• WHAT TO DO
The entries below contain a line with "BabyPonytail_Stock Photo_My Favorite" and a line with "Haddington Close, Bletchley, Image 10". Retype exactly everything from the first down to the second, both included, and nothing else.

• EXCERPTED DATA

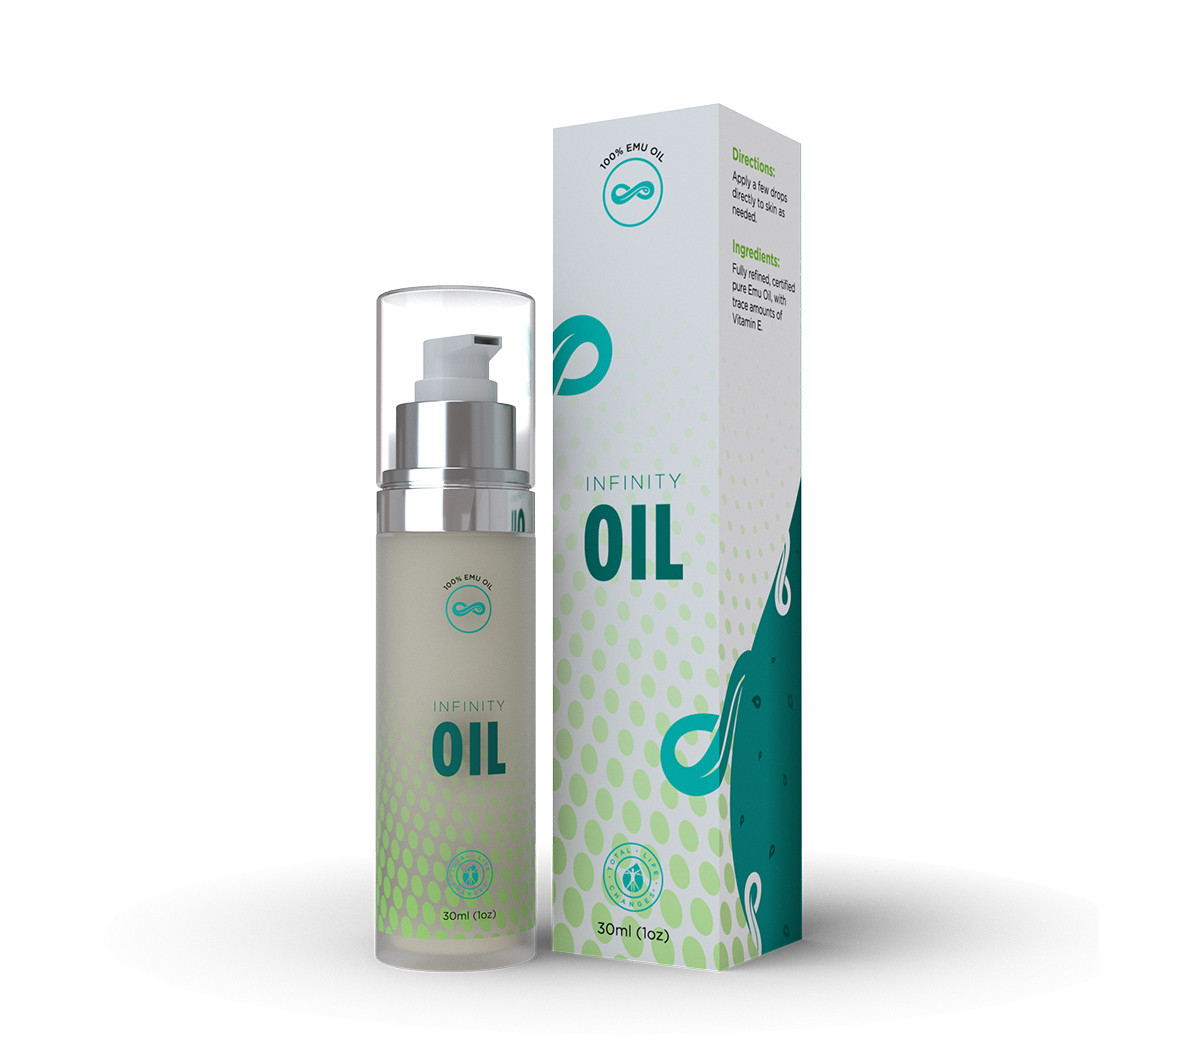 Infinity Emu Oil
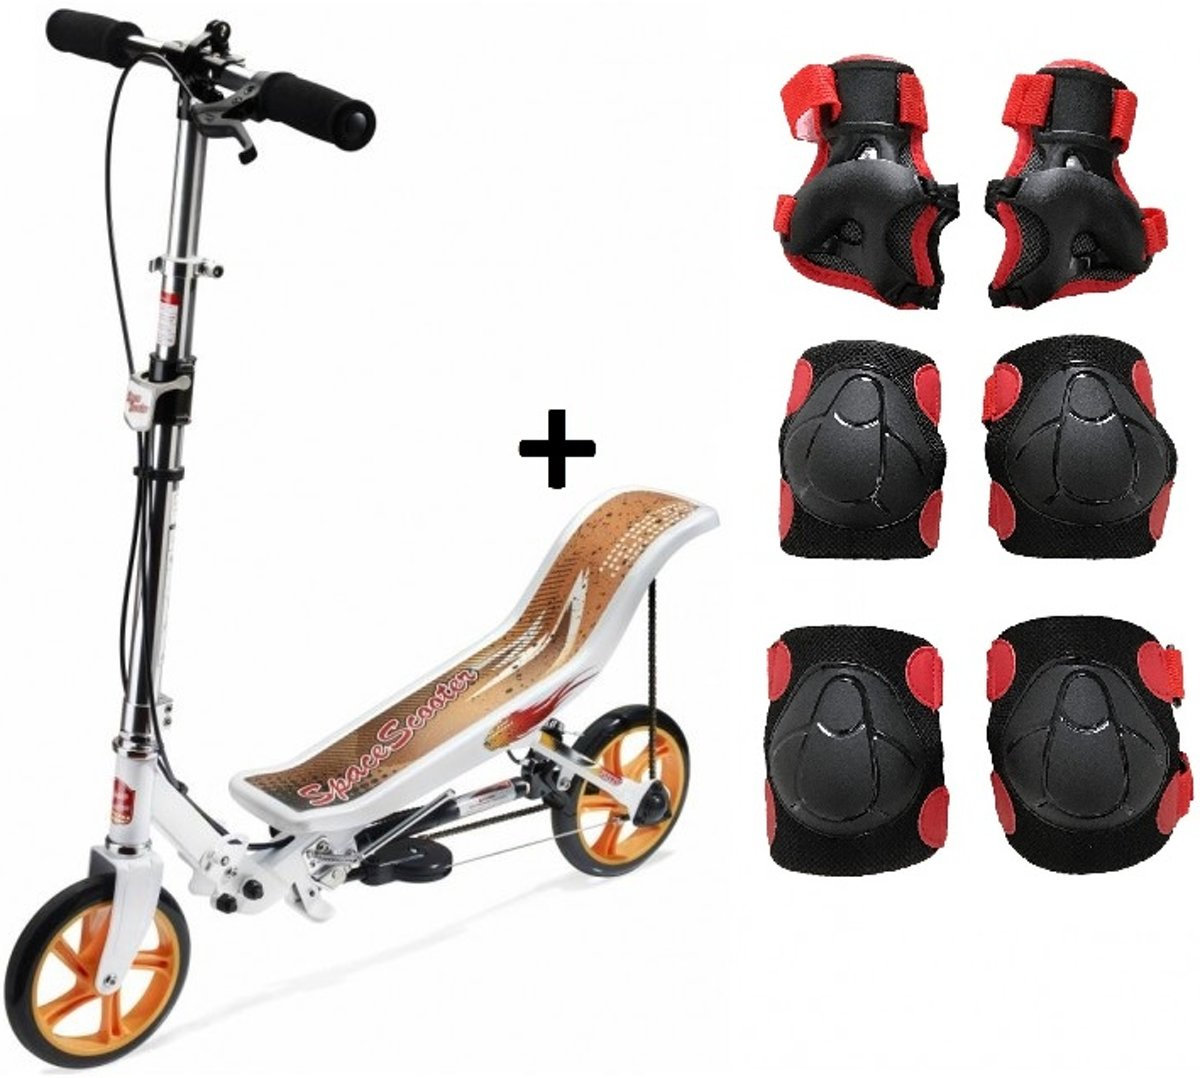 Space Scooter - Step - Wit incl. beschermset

...

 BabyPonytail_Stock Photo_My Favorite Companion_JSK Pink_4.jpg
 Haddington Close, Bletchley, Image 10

==

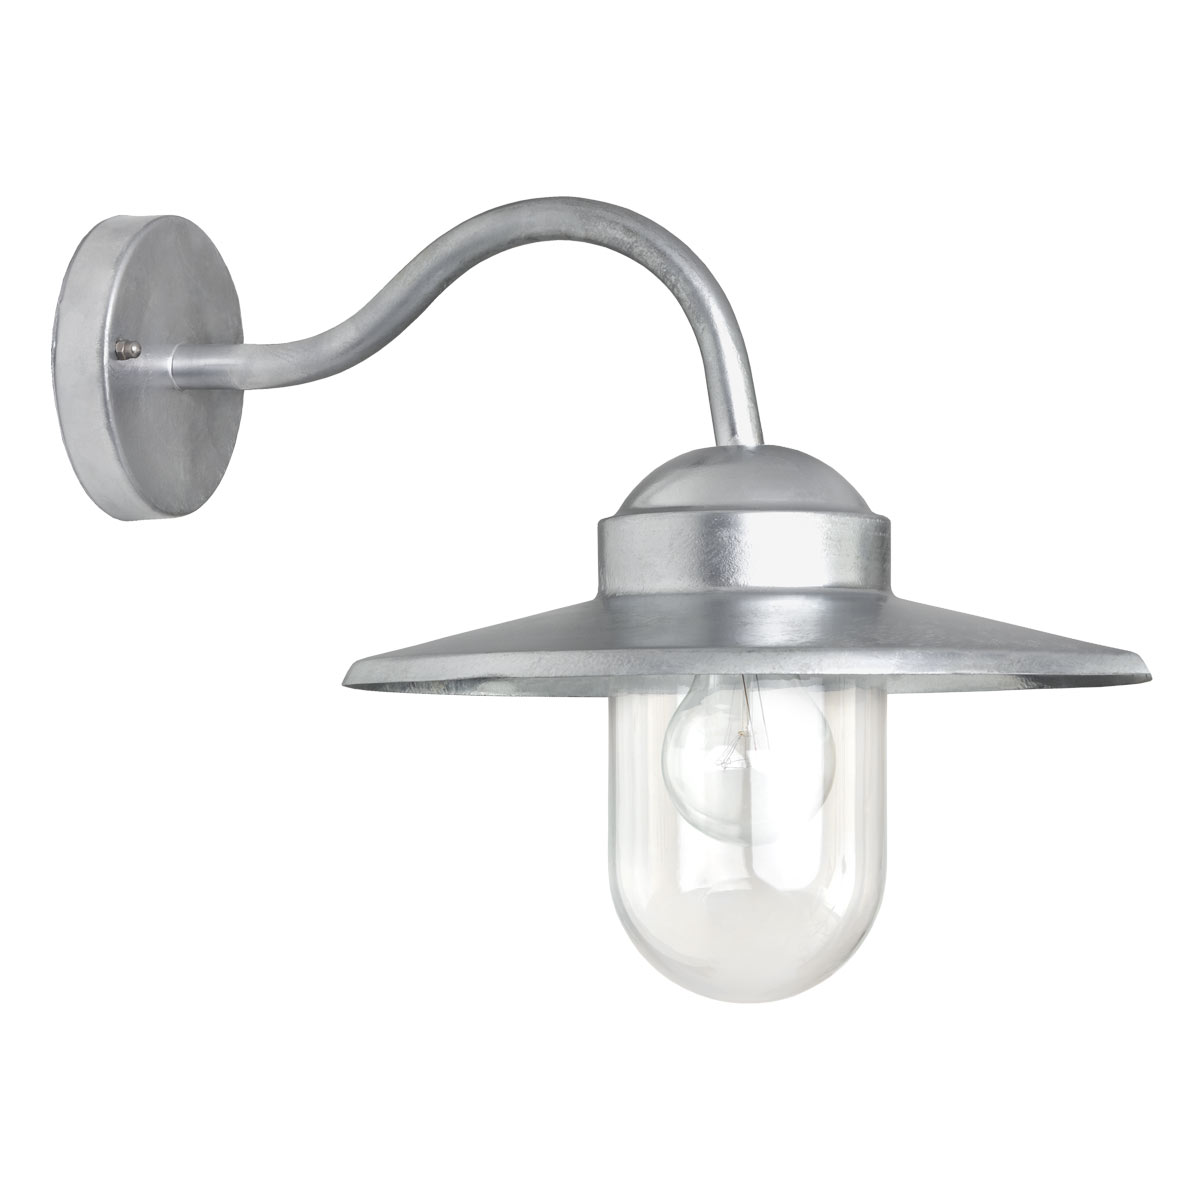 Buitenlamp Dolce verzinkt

• YOUR RESPONSE
 BabyPonytail_Stock Photo_My Favorite Companion_JSK Pink_4.jpg
 Haddington Close, Bletchley, Image 10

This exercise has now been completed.